Sarcopenia, a medical condition categorized under the ICD-10-CM code M62.84 by the World Health Organization (WHO) [32], is diagnosed through the measurement of appendicular skeletal muscle mass. In this study, DEXA was employed to assess the appendicular skeletal muscle mass (ASM). The skeletal muscle mass index (SMI) was calculated as the ratio of ASM (in kg) to BMI (in kg/m2). The definition of sarcopenia in this study was based on the criteria established by the Foundation for the National Institutes of Health (FNIH) Sarcopenia Project wherein sarcopenia in men was defined as an SMI of less than 0.789 [33].

3. Variables

1) Somatometric Variables

The somatometric variables data were collected from all study participants. To ensure accurate measurements, individuals were requested to remove their shoes, socks, hats, and hairpins, and were instructed to wear light clothing. Height and weight were measured using calibrated automatic body measurement equipment, with precision recorded to the nearest .1 cm or kg. Subsequently, the body mass index (BMI) was calculated by dividing the weight (in kg) by the square of height (in m2). Additionally, waist circumference (WC) was measured to the nearest .1 cm in a horizontal plane at the midline between the last rib and the iliac crest, following a normal expiration [34].

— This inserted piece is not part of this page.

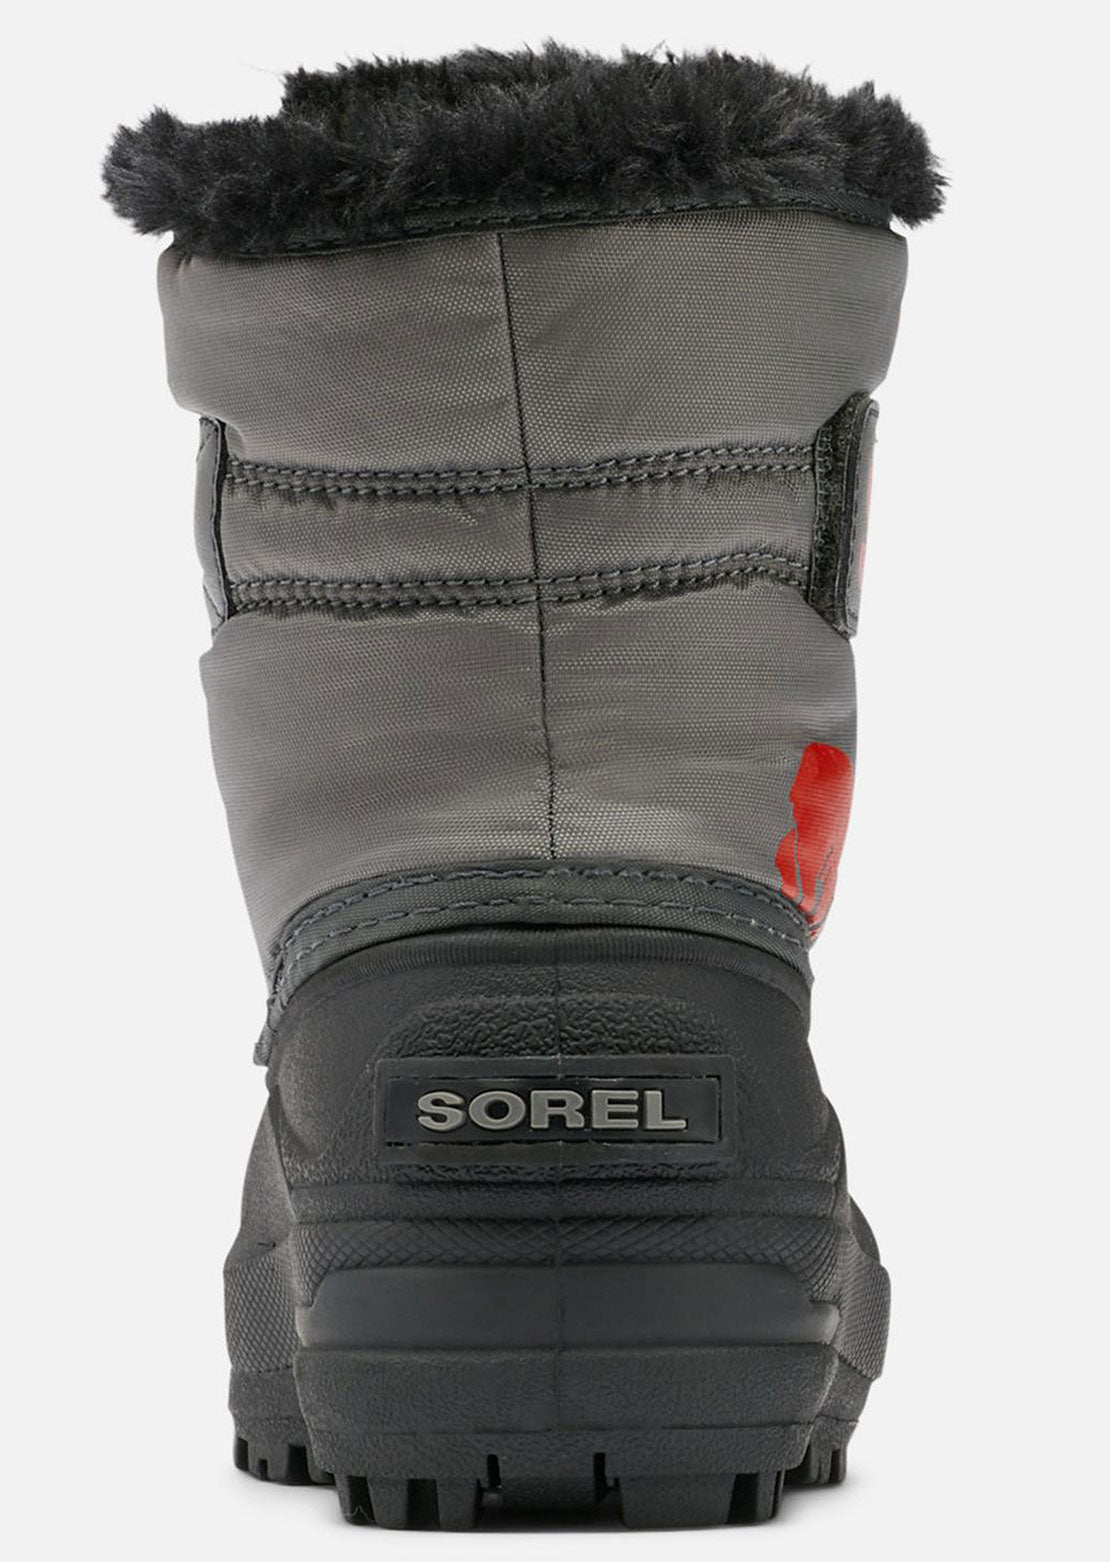 Sorel Infant Snow Commander Boots Quarry/Cherrybomb

2) Biochemical and Blood Pressure Variables

The biochemical variables including fasting glucose (FG), triglyceride, and total cholesterol (TC) levels were analyzed using the LABOSPECT 008AS platform (Hitachi High-Tech Co., Tokyo, Japan). Blood samples were collected from the non-dominant arm after an overnight fast of at least eight hours. Immediately after collection, the blood was mixed with a coagulation promoter and centrifuged within a mobile examination vehicle. All tests were conducted within 24 hours of blood sample collection. A trained practitioner conducted the measurement of systolic blood pressure (SBP) and diastolic blood pressure (DBP) using a mercury sphygmomanometer. The blood pressure cuff was positioned at the heart level with participants in a seated position after a minimum of five minutes of rest [35,34].

3) Behavioral Habits

Data pertaining to behavioral habits including the smoking and drinking status of the participants were obtained through a survey. Based on their cigarette smoking and alcohol drinking habits, individuals were categorized into three groups: non-users, ex-users, or current users. These measured variables play a crucial role in evaluating various aspects of health and the potential contribution to diseases within the study population [34].

4. Statistical Analysis

This study conducted a comprehensive analysis of data, providing statistical values such as mean and standard deviation for each measurement. The complex sampling method involved a nationwide analysis incorporating individual weights provided by the KNHANES. The researchers used SPSS 22.0 Windows version (IBM Corporation, Armonk, NY, USA) for their statistical analysis. The data utilized a stratified, clustered, multistage probability sampling design. The researchers employed independent t-tests and Chi-square analyses to compare the variables between participants with and without sarcopenia. Additionally, multiple logistic regression was utilized to calculate the odds ratio of sarcopenia. The researchers established a statistical significance level of α = .05 for the study.

Ⅲ. Results

1. Occurrence of Sarcopenia

The weighted occurrence of sarcopenia was reported as 3.24% (with a 95% confidence interval of 2.39% to 4.36%). These values were calculated by complex sampling analysis, after applying adjusted weights to individuals. The unweighted prevalence of sarcopenia was found to be 3.17% (Table 2).

Prevalence of sarcopenia

Sarcopenia group (n = 49) Normal group (n= 1,497) Total
Un-weighted (%) 3.17 96.83 100
Weighted (%) 3.24 (2.39-4.36) 96.76 (95.64-97.61) 100

Weighed values present the 95% confidence interval.

2. Contributing Factors

1) Somatometric Factors

The contributing factors analyzed in this study included height, BMI, and WC and they exhibited statistically significant differences between the two groups (p < .05). However, there was no statistically significant difference (p > .05) in the weight between the groups. Table 3 provides a comprehensive overview of these contributing factors and their associations with the studied outcomes (Table 3).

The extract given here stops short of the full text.